Functional implications of RNFL thinning have been studied as a clinical endpoint of interest. Prospective population studies have shown a relationship between RNFL thinning and future risk of cognitive decline. The UK Biobank study found that thinner baseline RNFL measurements were associated with worse performance on baseline cognitive testing, and that the two thinnest quintiles were twice as likely to perform more poorly on cognitive testing at 3 year follow up compared to patients in the thickest RNFL quintile27. The Rotterdam study, evaluating the relationship between RNFL thickness and incident versus prevalent dementia in a Dutch population found that thinner RNFL at baseline was associated with a significant increased risk of developing AD, but interestingly did not find any association with RNFL thinning and prevalent dementia28. A third prospective study in Shanghai of preclinical and MCI patients found that greater reduction in RNFL thickness over a 25 month period was associated with deterioration of cognitive status29. A recent study of retinal structural changes in preclinical patients with in vivo AD biomarkers demonstrated a reduced RNFL thickness in cognitively normal patients with positive amyloid-PET/CT (amyloid-labeled C-PiB positron emission tomography/computed tomography imaging) compared to those with normal PET/CT30. Taken together, these studies suggest that RNFL thinning might potentially be useful as an early screening tool for incident development of dementia, and cautions against interpretation of associations seen in small cross sectional studies in determining the utility of this biomarker as a diagnostic tool.

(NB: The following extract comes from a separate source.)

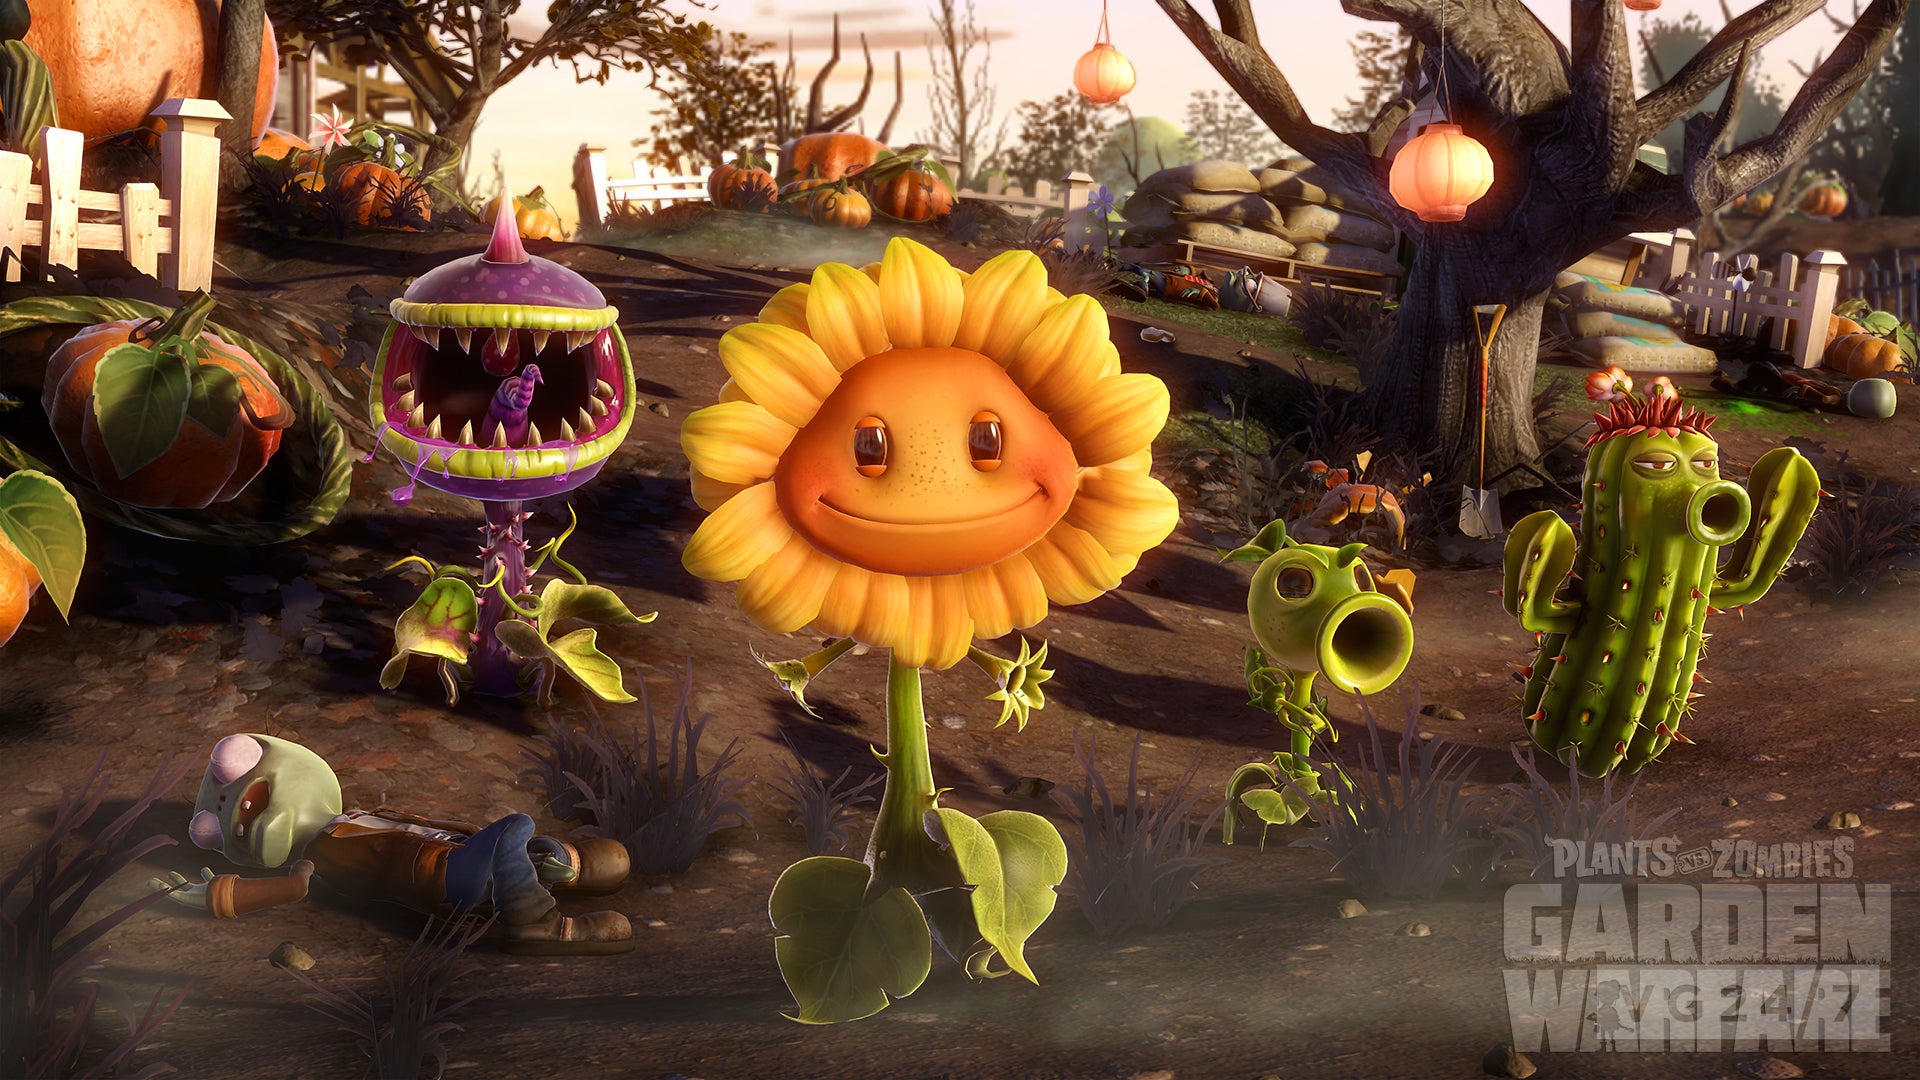 Image for Plants vs Zombies: Garden Warfare DLC will be free, says PopCap's Clay

However, if the intuition behind RNFL thinning serving as a biomarker for AD is that the neurosensory retina serves as a window for central nervous system degeneration in dementia, then it is important to note that RNFL thinning has been found in other neurodegenerative diseases as well and is likely not specific to AD31,32. Larger studies encompassing different causes of dementia will need to be performed to understand the role of RNFL thickness as a specific biomarker of AD vs any neurodegenerative conditions and the timeline in which the biomarker may be sensitive and/or specific for each condition.

2. Inner retinal layer and total macular thickness

In addition to RNFL thickness, other retinal layers have been studied as potential structural biomarkers in AD. The thickness of 10 retinal layers in 150 patient with AD were compared to age-matched controls, and correlations were found between the presence of AD and reduced thickness of RNFL, ganglion cell layer (GCL), inner plexiform layer (IPL), and the outer nuclear layer (ONL). Longer AD duration was correlated with greater thinning of RNFL, GCL and IPL33.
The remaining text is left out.